Omar (00:05:53) - Yeah, absolutely. I mean, almost everything I've written in my sort of published fiction age has been influenced in one way or another by my journalism career, not just in the sense of the storylines.
My very first day at the Globe and Mail, this guy, Greg O'Neil, who used to be the dean of the back desk editors, he was the guy who ran the editing operation throughout most of the globe. He sat me down and he said, Listen, kid, I'm going to tell you what I tell every reporter who comes into this building in The Globe and Mail. All reporters are gods and all editors are atheists. And it was his way of explaining to me what was about to happen to my copy. You know, one adjective too many. You try and get a little bit purple with that, and then we're going to slash the hell out of it.
And so you read, for example, my first novel, this book called American War. That's a deeply purple book. Like it's got way too much of that, too much description of what the sky is doing at any given moment. And that's after ten years of having those people beat the purpleness out of me, you know, So you can imagine what I was like at the beginning of that process, right? So just as a writing education, journalism had a huge influence on me.
And also the idea of what the first draft of history looks like. You know, being there on the spot and knowing that a historian is going to make so much more sense of this in a few decades time, but that's not your job. Your job is not to make sense of it in some kind of holistic way. I've had 20 years to think about this kind of sense, but rather to get it down on paper because it's important to get that first draft down.
That's influenced the way I think about a novel, which is almost the exact opposite. So in a weird way, it's like the antagonistic muscle I built up, the antagonistic muscle of reflex, immediate reflex. And it has allowed me to be, I think, much better at the other muscle of the long term, deep thinking approach to something. So I think without journalism, I would have still been writing just as much, but I think it would have not been nearly as useful. The writing would not have been nearly as useful without my journalism education.
Ramanan (00:09:06) - I'm going to dig us into the book. And, you know, before I do that, just to elevate up a little bit, you know, I could describe the book for our audience, but I think they want to hear the author describe it.
Omar (00:09:21) - Yeah, What Strange Paradise is a story of a child refugee who washes up on an unnamed western island somewhere off the coast of Europe. I think of it as a repurposed Peter Pan. That's the story of Peter Pan reinterpreted as the story of a contemporary child refugee. And it's very much about the idea of what we do to the people we consider to be subhuman and how necessary it is in contemporary society to have a growing class of human beings that we consider to be subhuman. But at its core, I think of it as a reinterpreted fairy tale. The story of Peter Pan retold as the story of a contemporary child refugee.

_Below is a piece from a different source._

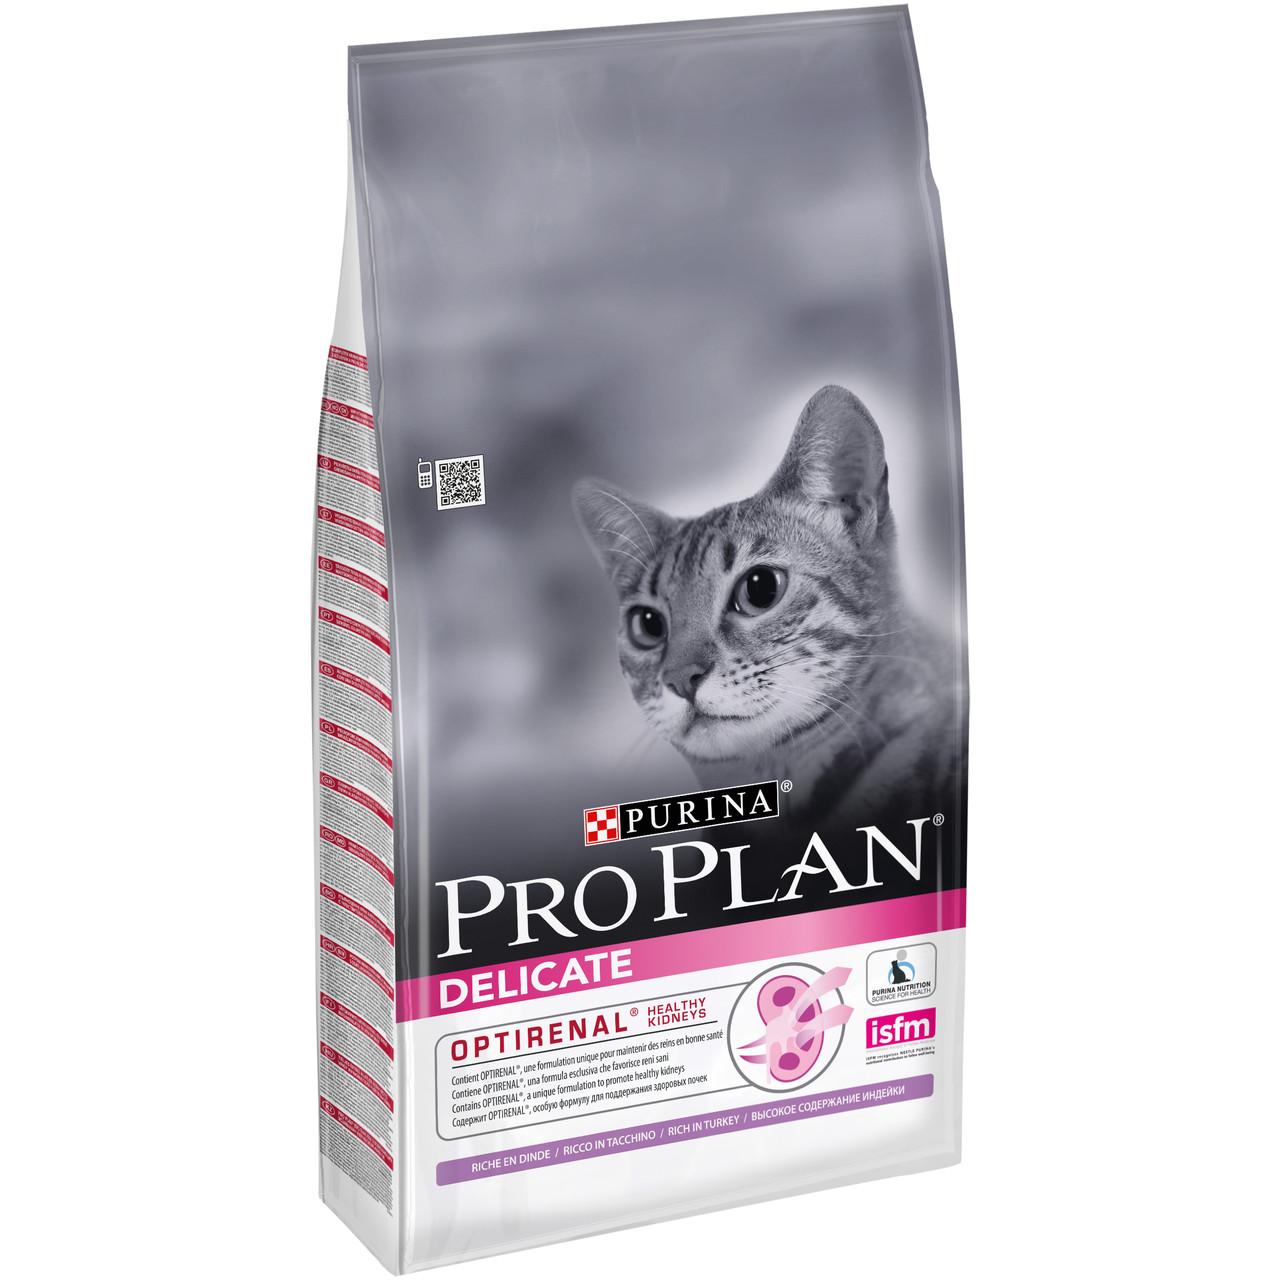 Purina Pro Plan Cat Delicate Turkey 10 кг - Сухой корм для кошек с чувствительным пищеварением с индейкой
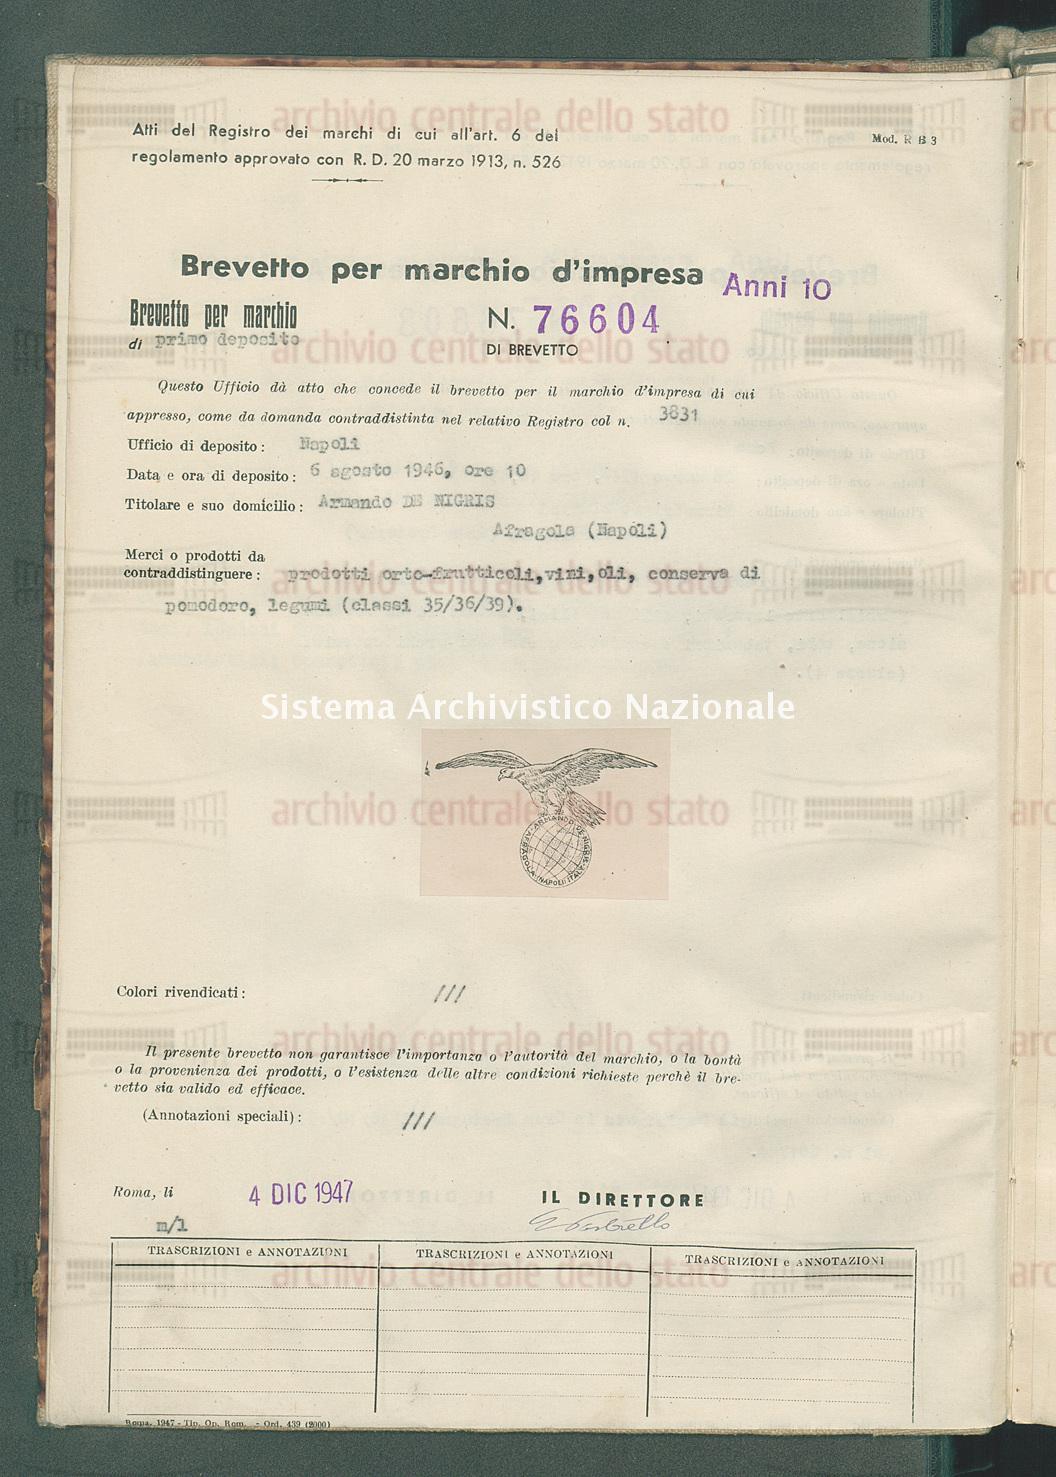 Prodotti orto-frutticoli, vini, oli, ecc. Armando De Migris (04/12/1947)

Ramanan (00:10:04) - That explains the puzzling epigraph. So we would note that. An observation, you know, both Molly and I obviously read the book, loved the book, would encourage everyone listening to this podcast to read it for multiple reasons. But you know, we can start with it's just great writing. An observation from the book is, you know, the individual characters seem they just seem very autonomous in an isolated way, unhappy, a sense of emptiness, a longing for something more, not just in a concrete material sense. And we connected this with American ideals around individualism and the damage that can cause.